A propósito de las llamadas “réplicas” de maquillaje

 

Existe una preocupante proliferación de productos de maquillaje falsificados o ‘pirata’ (counterfeits/ knock-offs) en el mercado colombiano. Generalmente se encuentran a la venta bajo el eufemismo de ‘réplicas’ (incluso llegan a acuñar la calificación de ‘AAA’ como si de una certificación de riesgo financiero se tratara). Y digo que se emplea a manera de eufemismo toda vez que el término ‘réplica’ se usa especialmente para referirse a las copias de obras de arte. El maquillaje falsificado es proveniente de la actividad ilegal que se desprende no sólo de la violación de los derechos de propiedad intelectual de marcas notoriamente conocidas, sino del fraude y de la competencia parasitaria.

Qué existan redes internacionales delictivas dedicadas a esta actividad multimillonaria no sorprende.
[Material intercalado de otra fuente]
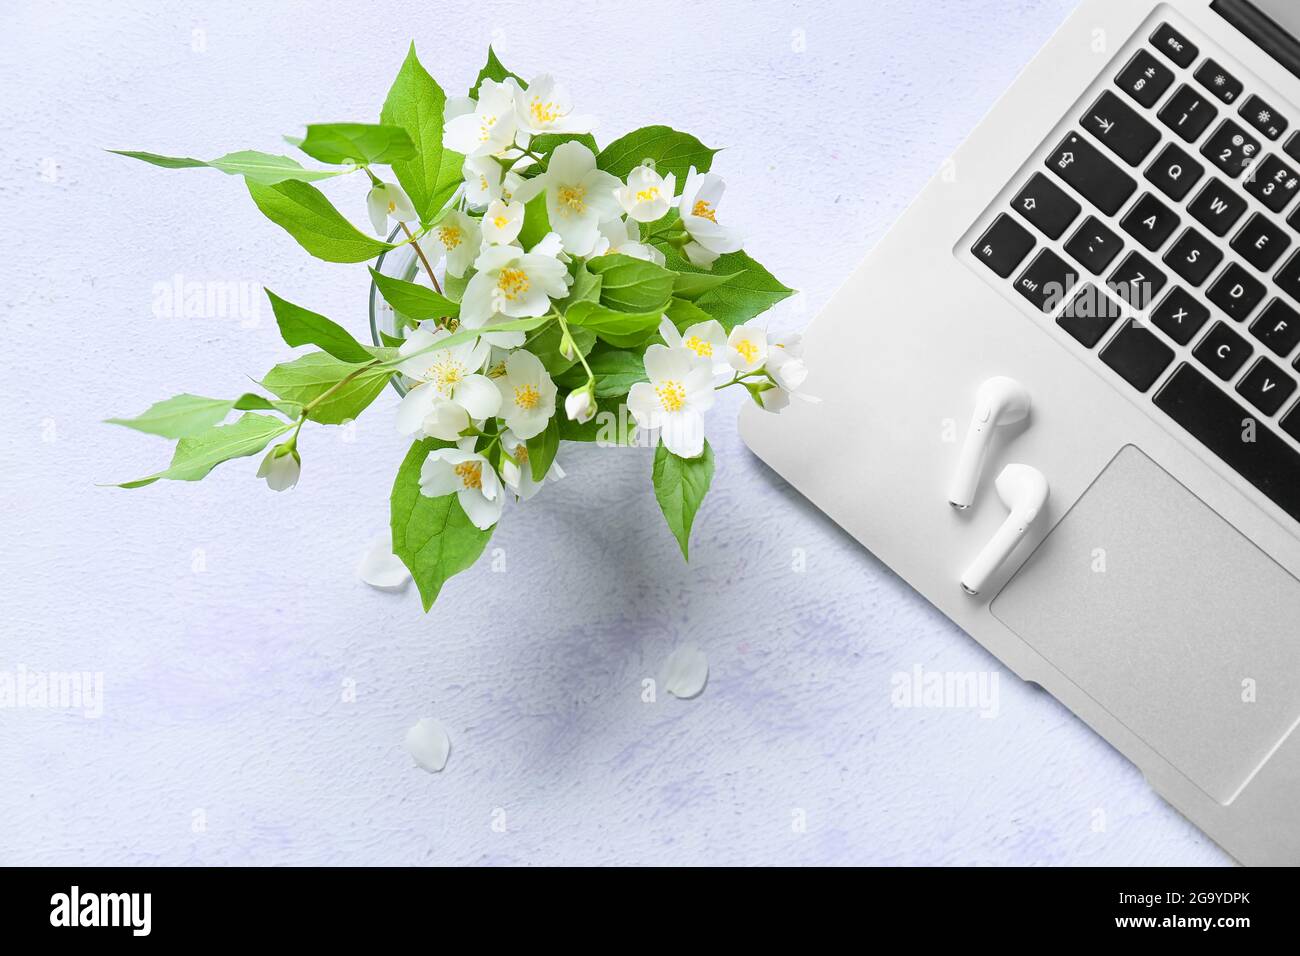 Moderner Laptop, Kopfhörer und wunderschöne Jasminblüten auf hellem Hintergrund Stockfoto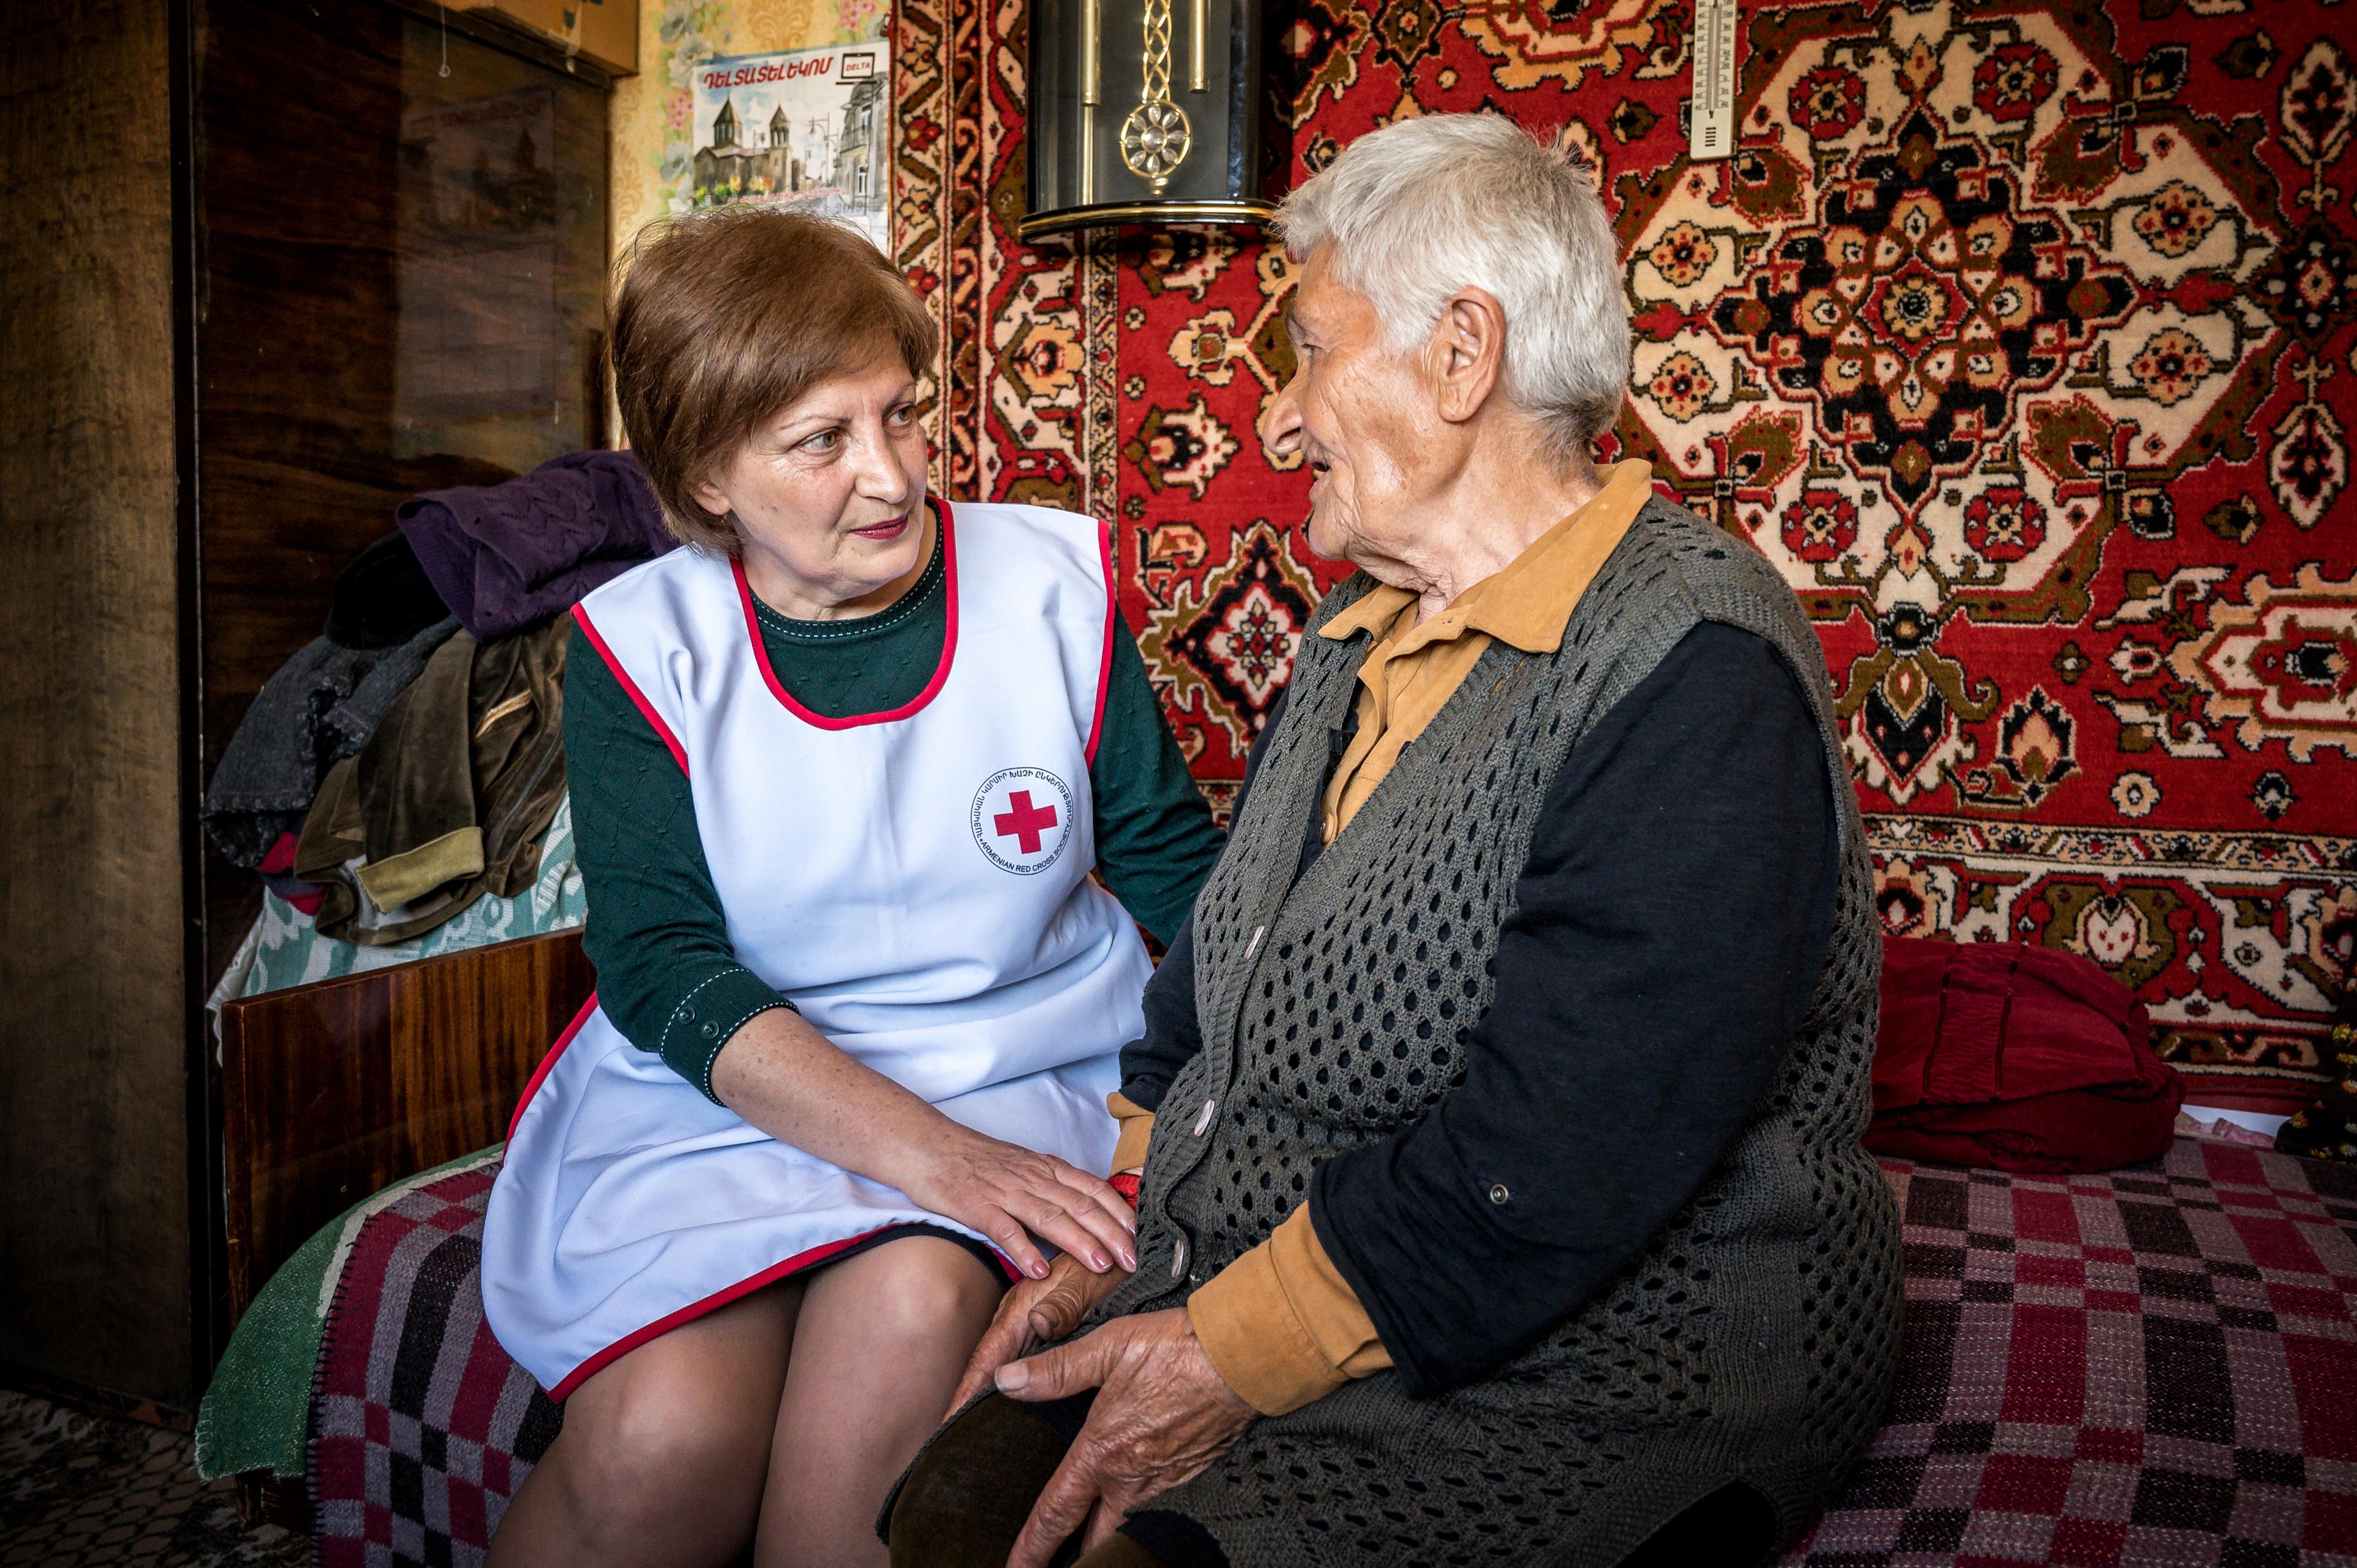 Eine Frau mit einer Rotkreuz-Weste sitzt gegenüber einer älteren Dame. Sie sitzen auf einem Bett und an der Wand hinter ihnen sind Teppiche aufgehängt.

Al interior del mercado negro, el maquillaje falsificado ocupa tan sólo un eslabón. Lo realmente preocupante es que de manera abierta e inescrupulosa existan establecimientos de comercio y personas naturales que a través de las redes sociales promuevan abiertamente la compra y venta de esta clase de productos. Muchas de estas personas se apoyan en plataformas virtuales tales como Instagram, Facebook y WhatsApp para perfeccionar transacciones comerciales de ‘réplicas’ de maquillaje. De esta manera las vendedoras pueden de alguna manera preservar incógnita su identidad y aislar el escrutinio de los consumidores y de las autoridades competentes.

Existe suficiente información en internet (por si el sentido común no fuera suficiente) sobre los diferentes riesgos asociados con la compra del maquillaje falsificado. No es el objetivo de este post reproducir los numerosos textos y noticias que proliferan con el fin de advertir, entre otros, los riesgos que se desprenden para la salud humana. Alguien pensaría que finalmente es responsabilidad del comprador el asumir las potenciales consecuencias de la compra de estos productos ilegales. Lo peor es que puede ser que el comprador sea ingenuo, deficientemente informado, o inducido al error. Lo anterior no porque el vendedor haga pasar los productos falsificados como auténticos, sino porque impunemente elogia las bondades de la réplica. En otras palabras vende los productos como si fueran verdaderas ‘gangas’.

Yo misma me quedé estupefacta cuando vi que en una de las tiendas de la ciudad en donde es posible encontrar algunos productos de maquillaje importado (original y falsificado), la dueña del establecimiento le decía a una incauta compradora que “la réplica era la misma cosa.” Lo anterior ocurrió porque yo de entrometida (al ver la interacción entre la vendedora y la compradora que preguntaba por ciertos labiales) pregunté:

— ¡¡pero el producto no es original!! verdad?”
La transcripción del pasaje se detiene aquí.